*TASK OBJECTIVE*. In the data below, reproduce everything exactly except the images.

*PROVIDED MATERIAL*.
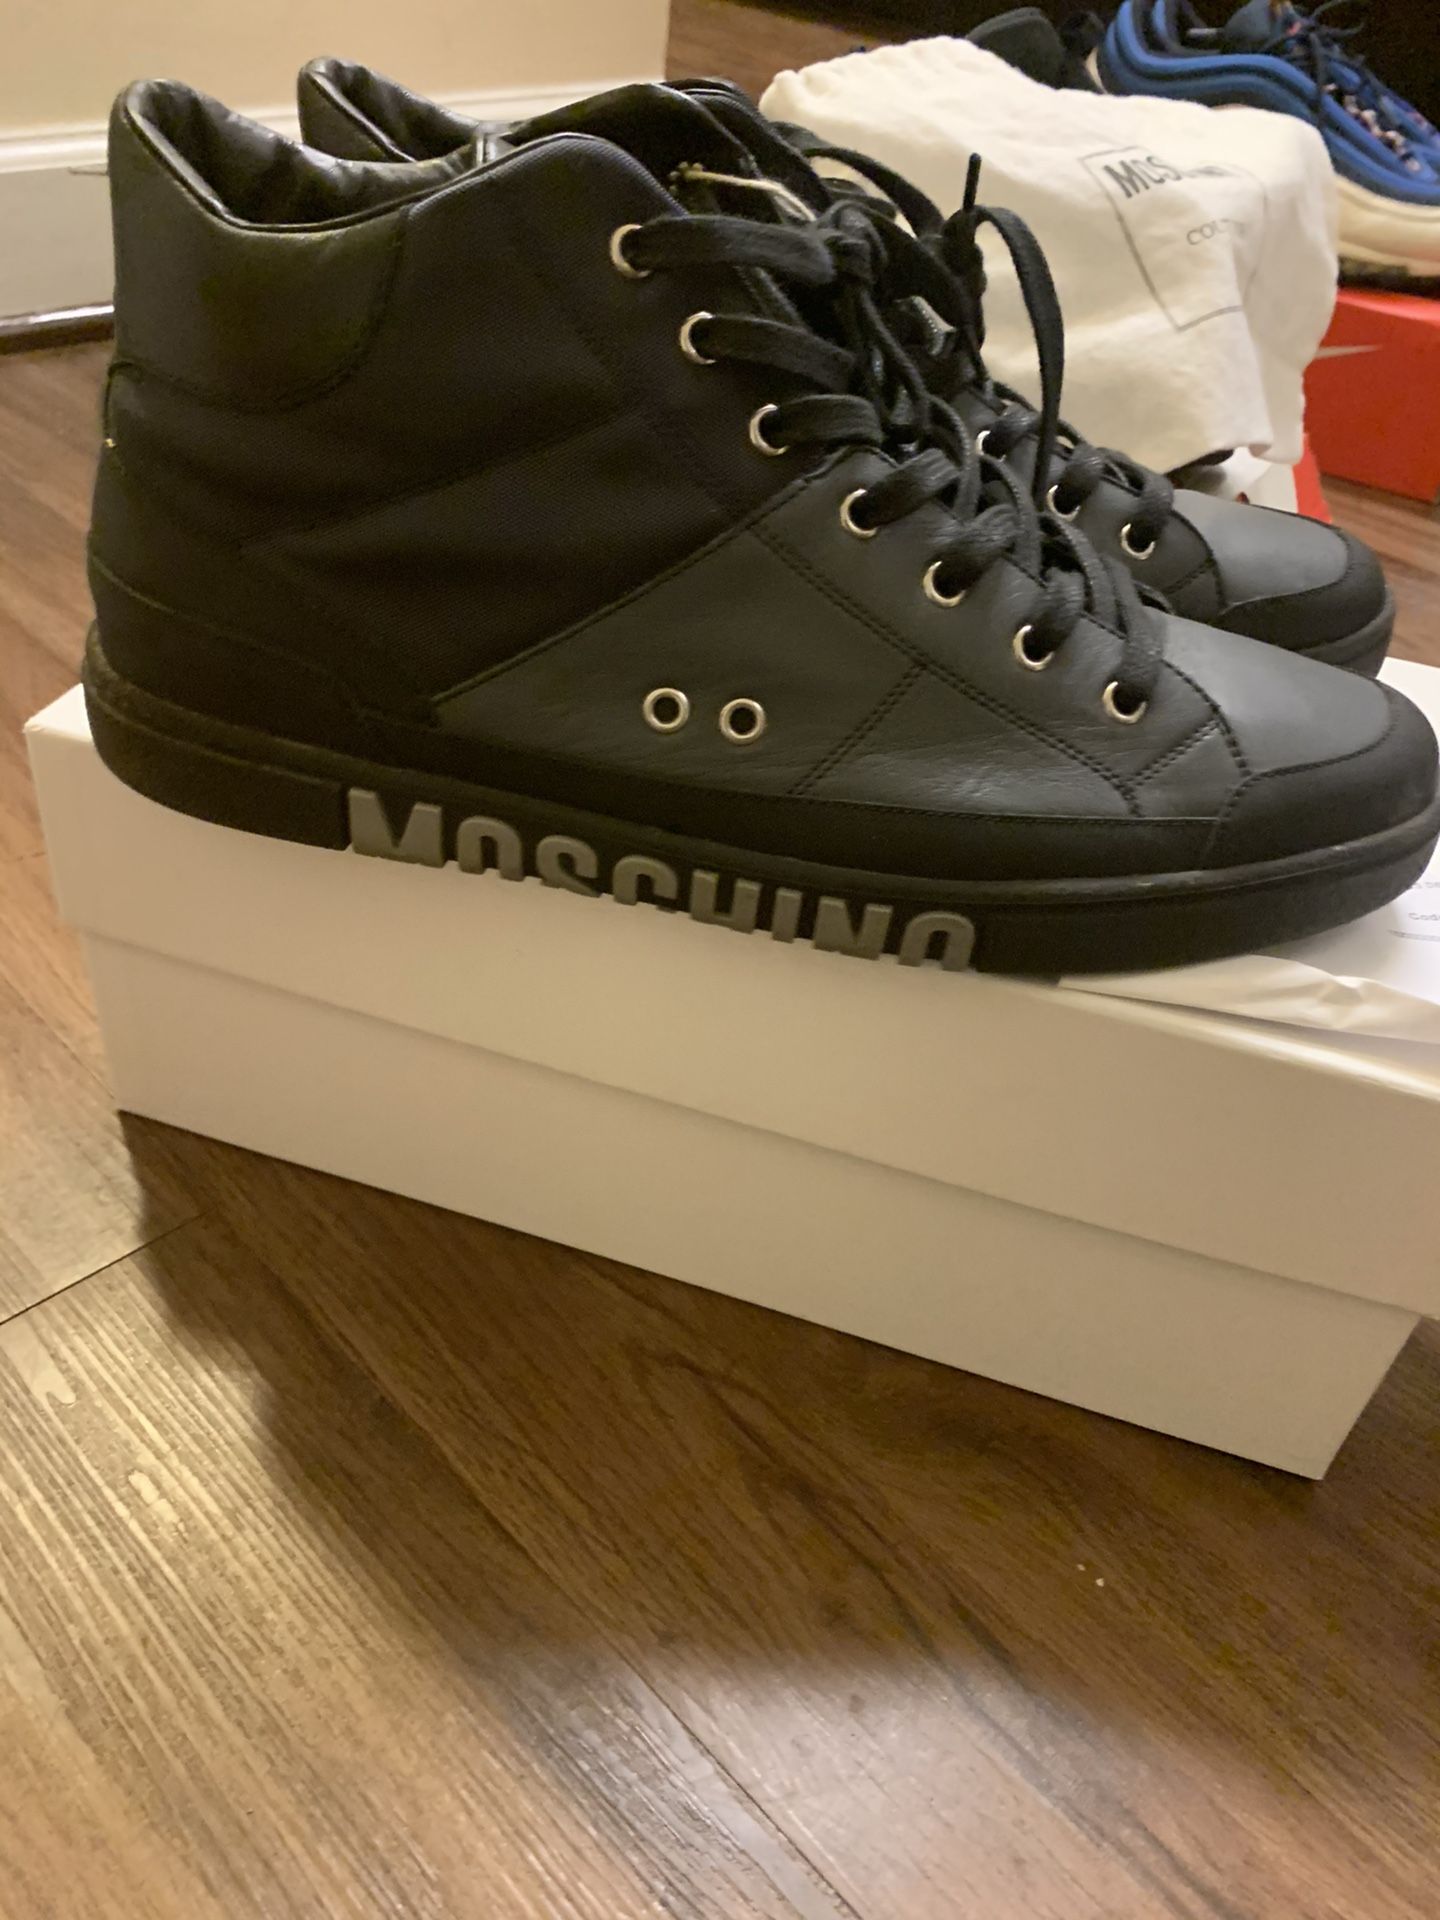 Moschino sneaker size 12us size 45 eu 100% authentic
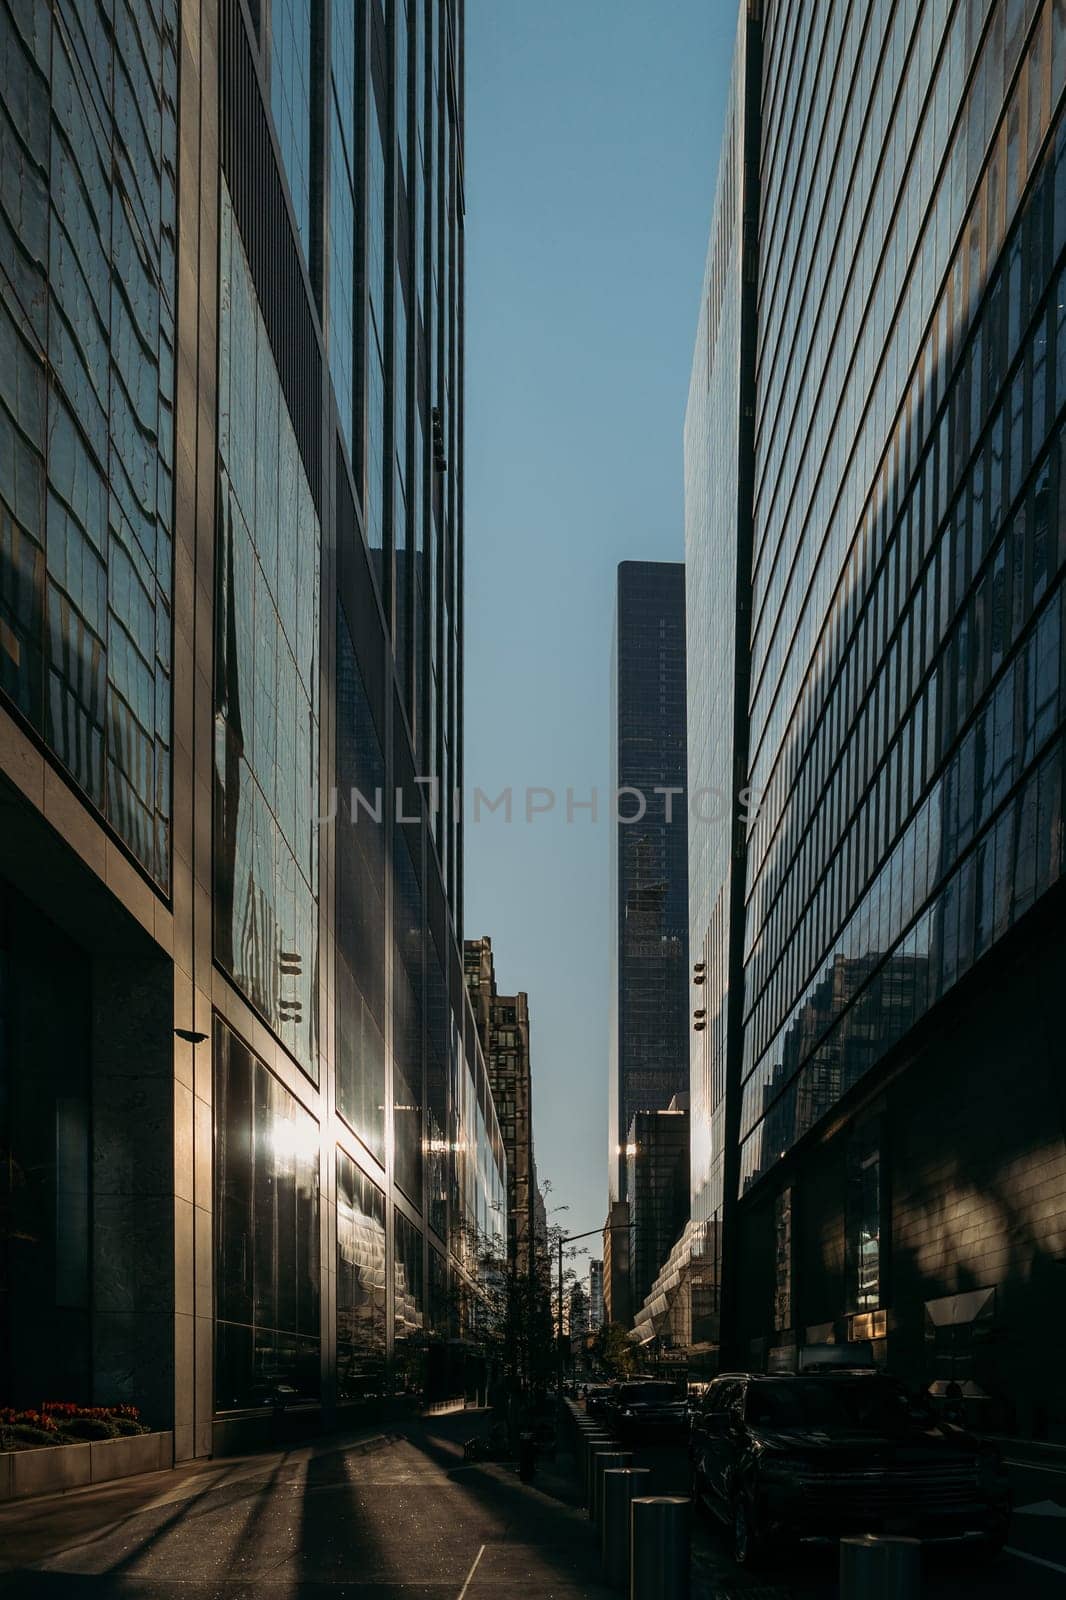 Shadowy New York Street Flanked by Modern Glass Skyscrapers by apavlin
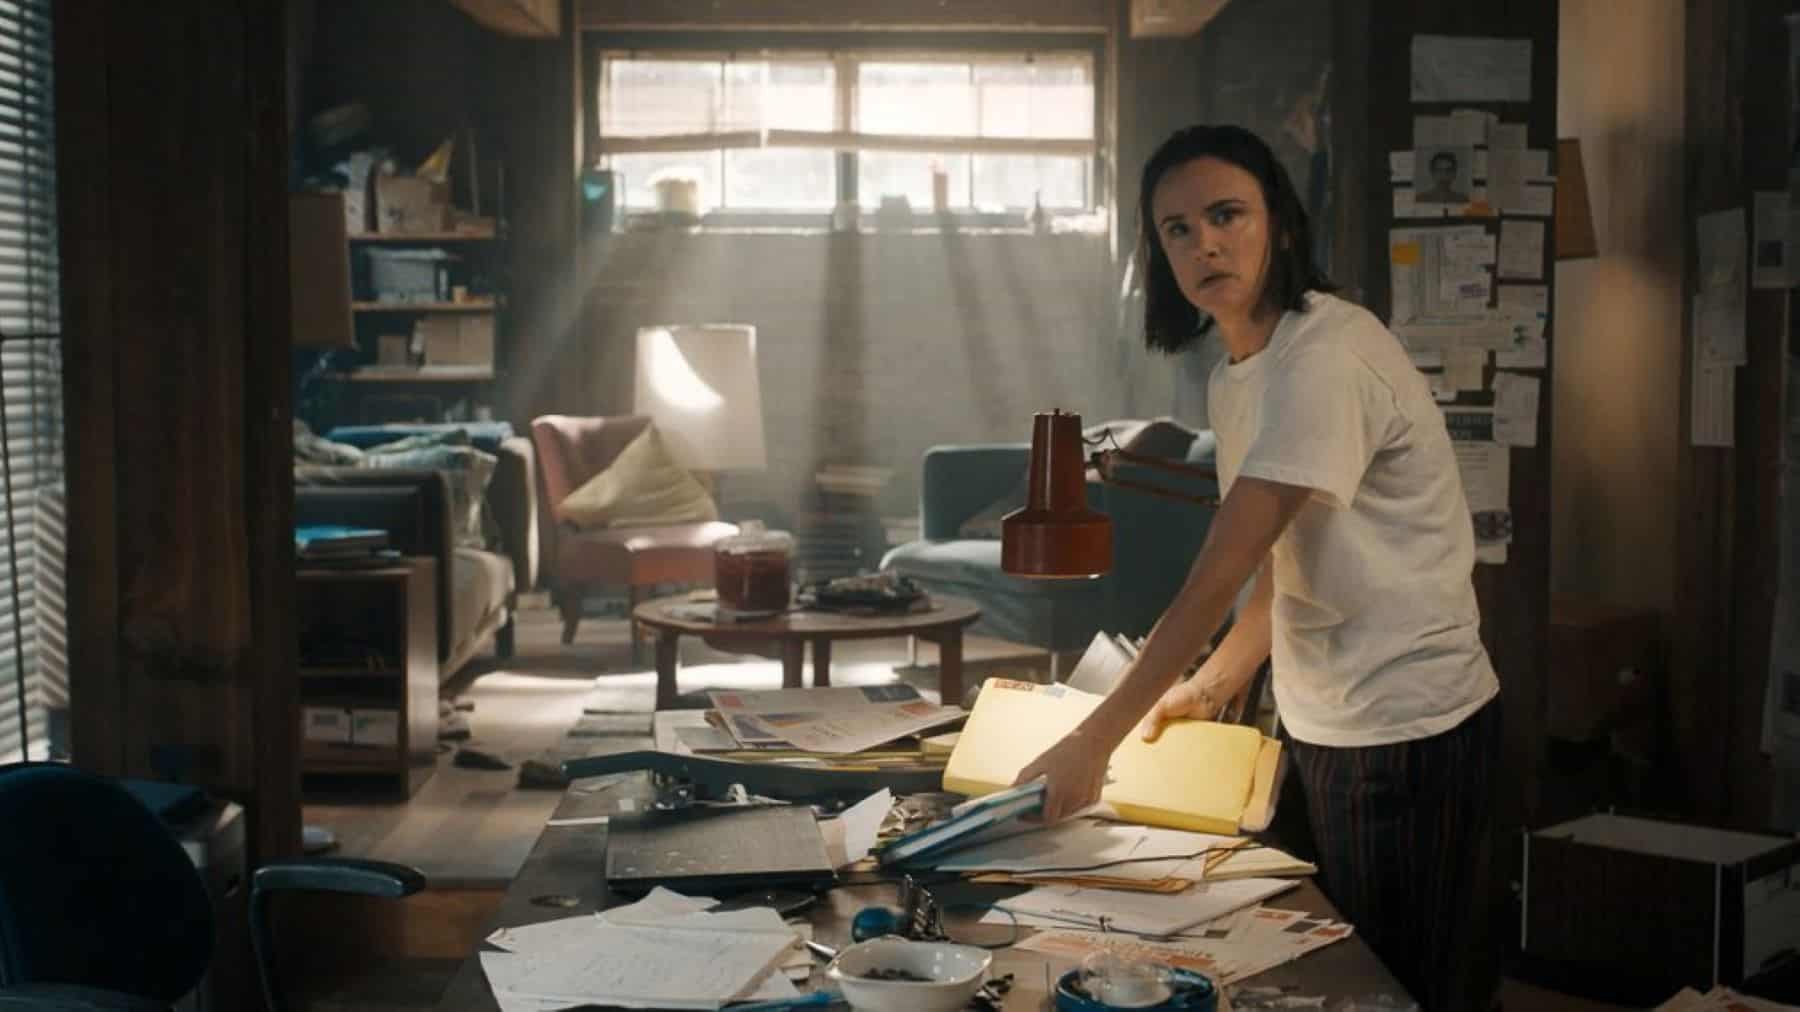 A woman stands next to a messy desk covered in papers and files in this image from Blumhouse Television.

*RESPONSE AREA*.
 Moschino sneaker size 12us size 45 eu 100% authentic
 Shadowy New York Street Flanked by Modern Glass Skyscrapers by apavlin
 A woman stands next to a messy desk covered in papers and files in this image from Blumhouse Television.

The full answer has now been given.